I have been accused of wanting to monopolise certain vital products, such as salt, etc. That was quite natural considering the economic chaos in which we found Poland. We had to arrive at a natural economic system, and supply the agricultural population with certain products so that they in turn could supply food for the benefit of the Polish town populations. In this connection I wish to point out that I urged the re-establishment of Polish self-administration under the old people of former Polish times, and that I asked for 9,000,000 zloty to be placed at disposal for motor vehicles, etc. In addition to this I said that compulsory work must be replaced by normal employment as soon as possible.

Q. The so-called "AB Action" plays a considerable part in the Polish question. It is an abbreviation for "extraordinary pacification action." Since that might have happened in your time, I should like to ask if you know anything about it.

A. This affair took place during the very last period of my stay in Poland. With the beginning of the Norwegian campaign the resistance movement in Poland became extremely active and grew as a result of the campaign in the West. The Security Police demanded the severest counter-measures. Buehler really made the objection which he stated here on this witness stand. I always understood the Governor General's words just as Buehler wanted them to be understood; but Buehler was quite right in making the objection, because the police might have interpreted these words as giving them much greater powers than the Governor General intended to give them.

[Page 86]

Dr. Frank always opposed the sentences passed by these summary police courts and he set up his own commission of inquiry. I was the chairman of this commission as long as I was in Poland, and sometimes we cancelled as many as 50 per cent. of the sentences imposed.

Q. How long were you actually deputy during your period of office when Dr.
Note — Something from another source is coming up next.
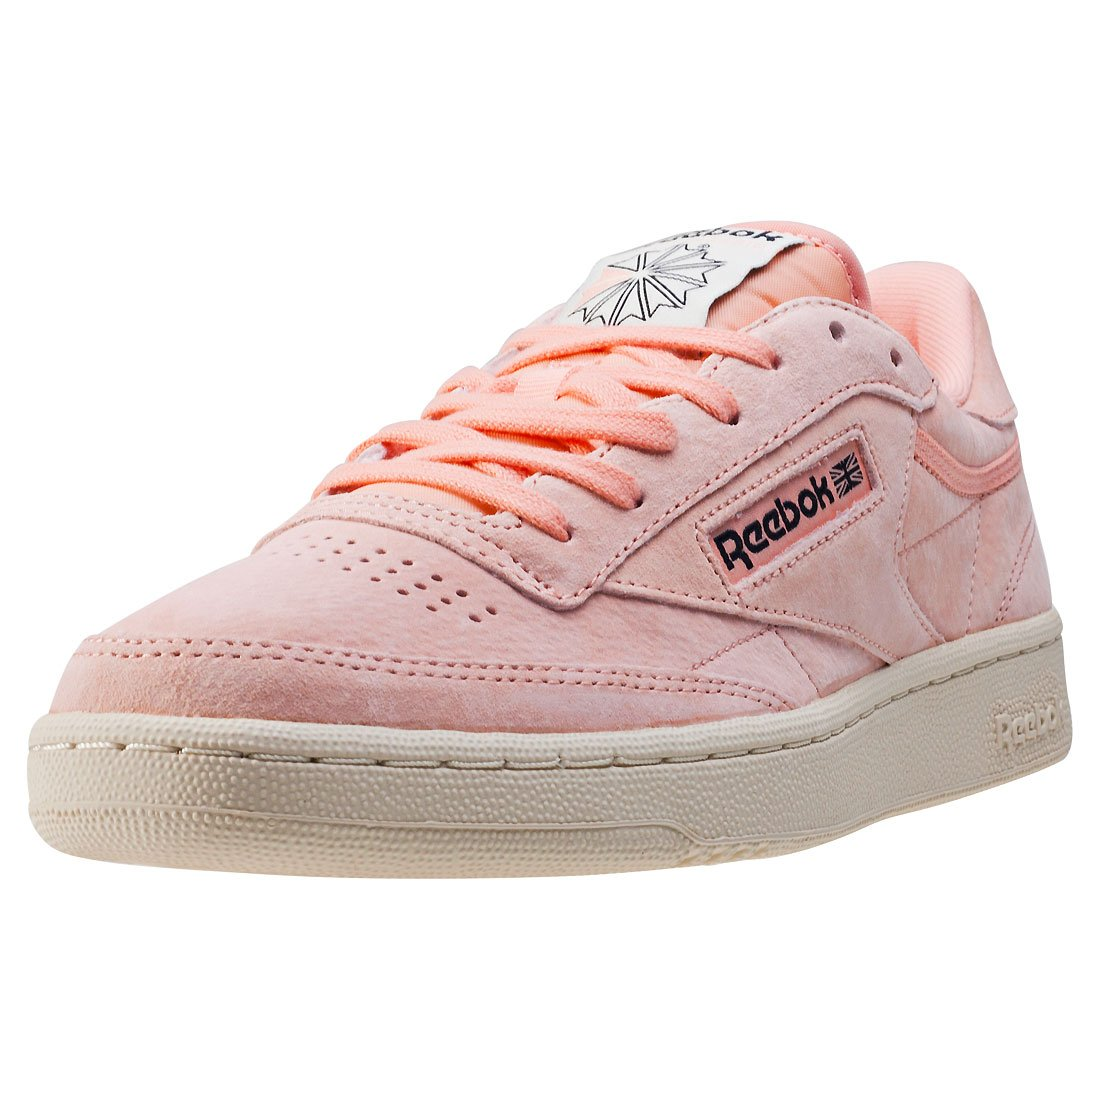 Reebok Club C 85 Pastels Mauml;dchen Sneaker Pink  405 EU|Pink (Pastels Desert Stone/Paperwhite)
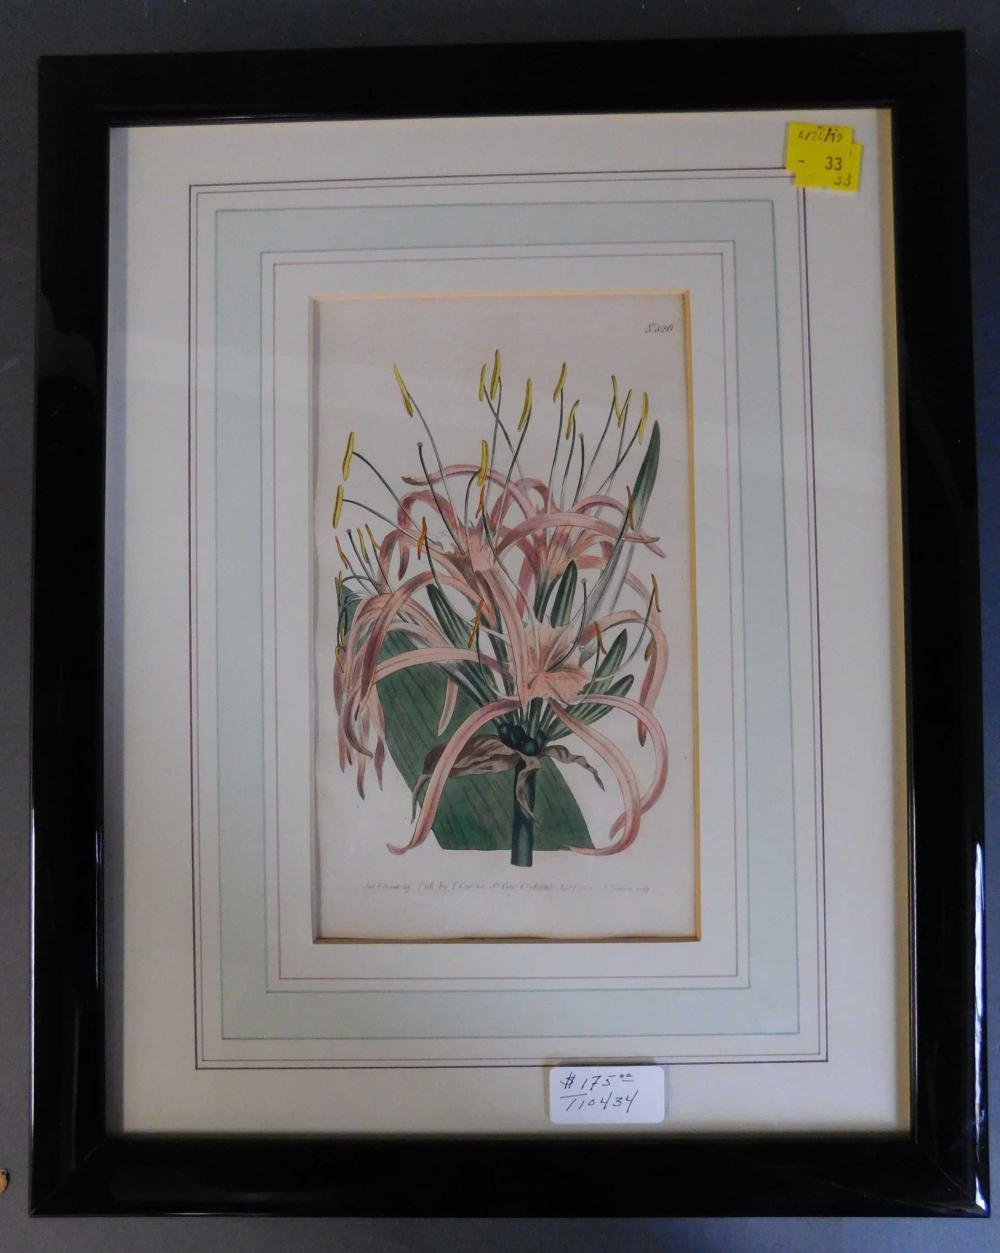 3 floral engravings: Curtis, 1804-1805. Framed.

Frank was prevented from carrying out his duties?

A. Ten days I believe.

Q. Ten days. Well, then, I think I can rapidly wind up the Polish question by asking: Did you introduce any measures which could really be said to be in the interests of the Polish population?

A. During the winter of 1939 to 1940 there was famine in Polish towns. I intervened with Secretary of State Backe myself, and on one occasion, for instance, I obtained six thousand tons of grain for the large cities. I approached Reichsmarschall Goering and the Fuehrer, too, and asked for the town of Lodz to be left under the administration of the Government General. I did the same for the coal district west of Cracow.

Q. I now come to the main part of the accusation held against you, and that is the question of your activities in the Netherlands.

My first question is this: How did you manage to become Reich Commissioner for the Netherlands?

A. The Fuehrer appointed me.

Q. And where were you at the time?

A. I was on a service mission in the Government General, and Dr. Lammers called me to headquarters.

Q. So you did not apply for this job?

A. No, that did not even enter my mind. At that time I had just asked the Fuehrer, for permission to join the Armed Forces.